L'imposta preventiva danneggia in particolare il mercato dei capitali di terzi in Svizzera. Gli interessi sono soggetti all'imposta preventiva con un'aliquota elevata del 35%. Fino al rimborso di queste imposte, tali importi rimangono illiquidi per le imprese. Questo problema induce le imprese svizzere a contrarre prestiti all'estero anziché in Svizzera. Con la revisione della legge sull'imposta preventiva, riportiamo questi soldi in Svizzera e aumentiamo il volume fiscale. Questi argomenti hanno portato a un sì unanime all'abolizione dell'imposta preventiva nella Camera delle arti e mestieri.

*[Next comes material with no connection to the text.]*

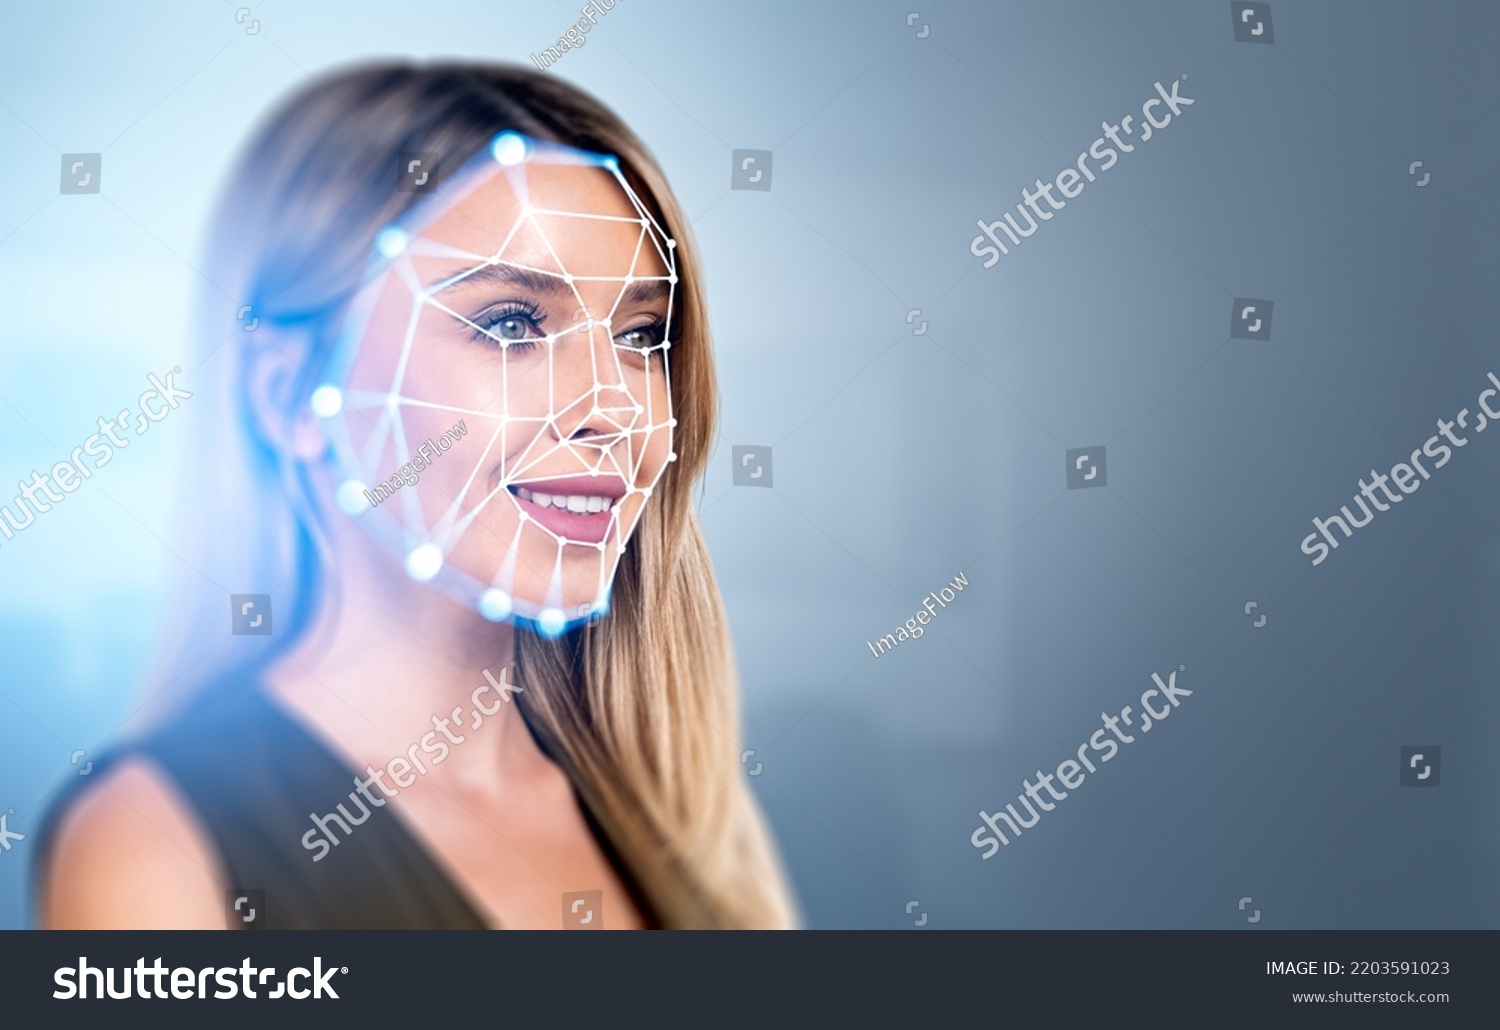 Smiling businesswoman portrait and digital biometric scanning hologram, face detection and recognition. Concept of face id and artificial intelligence. Copy space #2203591023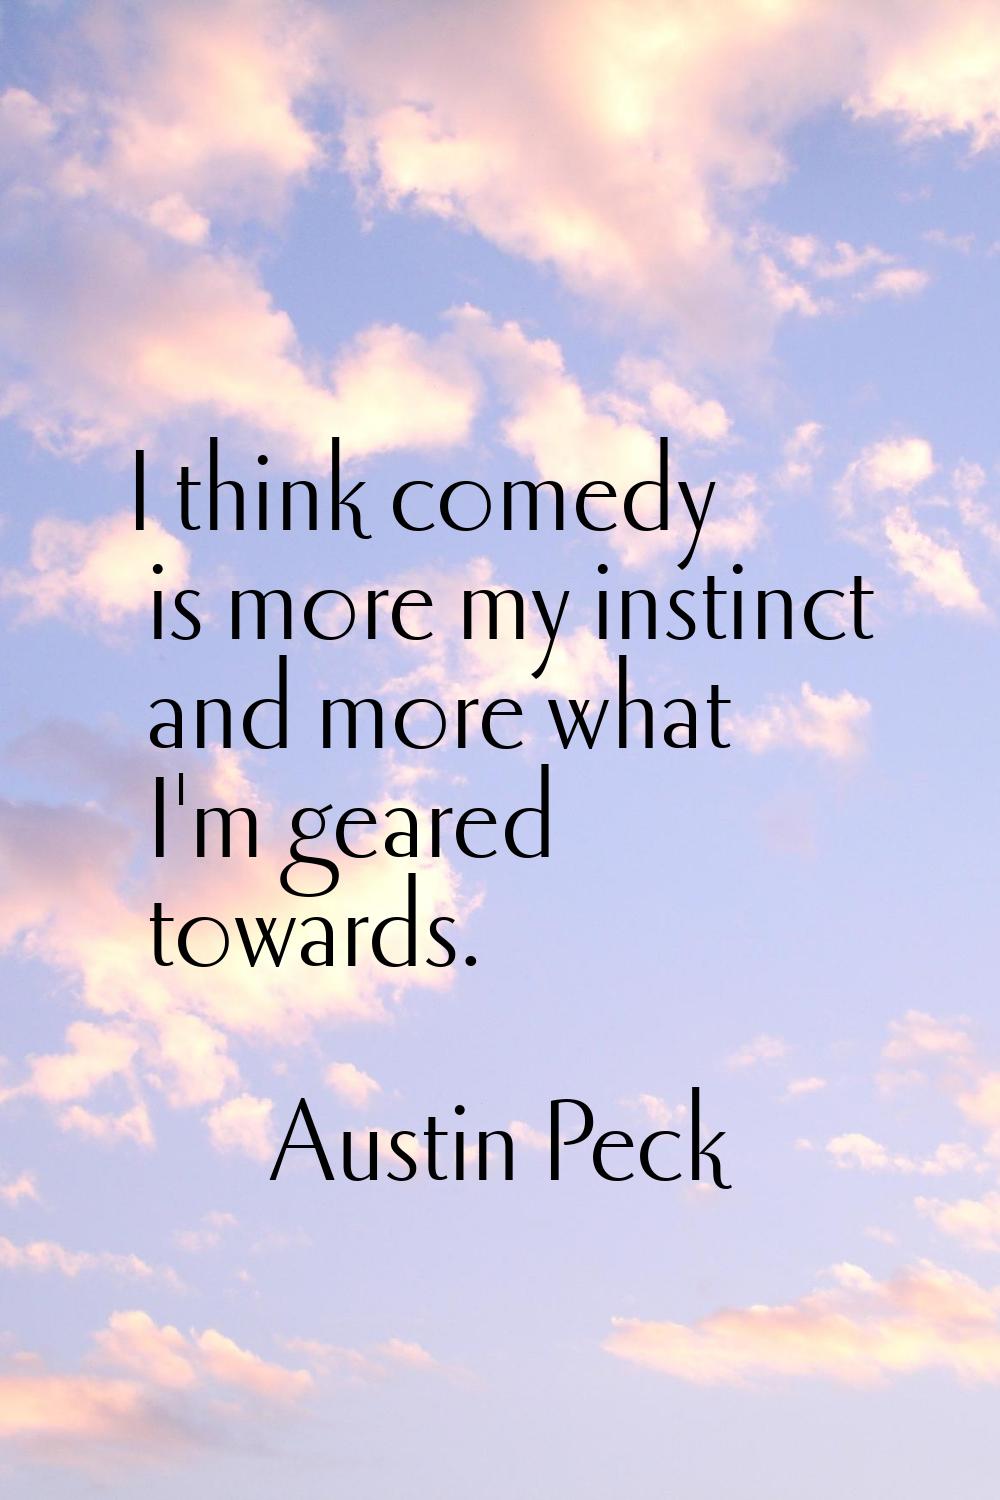 I think comedy is more my instinct and more what I'm geared towards.

L'iniziativa contro l'allevamento intensivo mira a restituire dignità agli animali nell'ambito dell'allevamento agricolo. Ciò che a prima vista sembra una soluzione ragionevole contro determinati abusi, nella sua attuazione porterà tuttavia a misure estese e dannose. Con una delle legislazioni più severe in materia di protezione degli animali e un'ordinanza sul numero massimo di capi probabilmente unica al mondo, la questione sollevata dai promotori dell'iniziativa è già sufficientemente regolamentata dal legislatore. Un'ulteriore restrizione a livello costituzionale è quindi semplicemente superflua. Inoltre, la definizione del termine «allevamento intensivo» è stata formulata in modo estremamente vago. Alla luce di queste considerazioni, la Camera delle arti e mestieri ha deciso all'unanimità di raccomandare il no.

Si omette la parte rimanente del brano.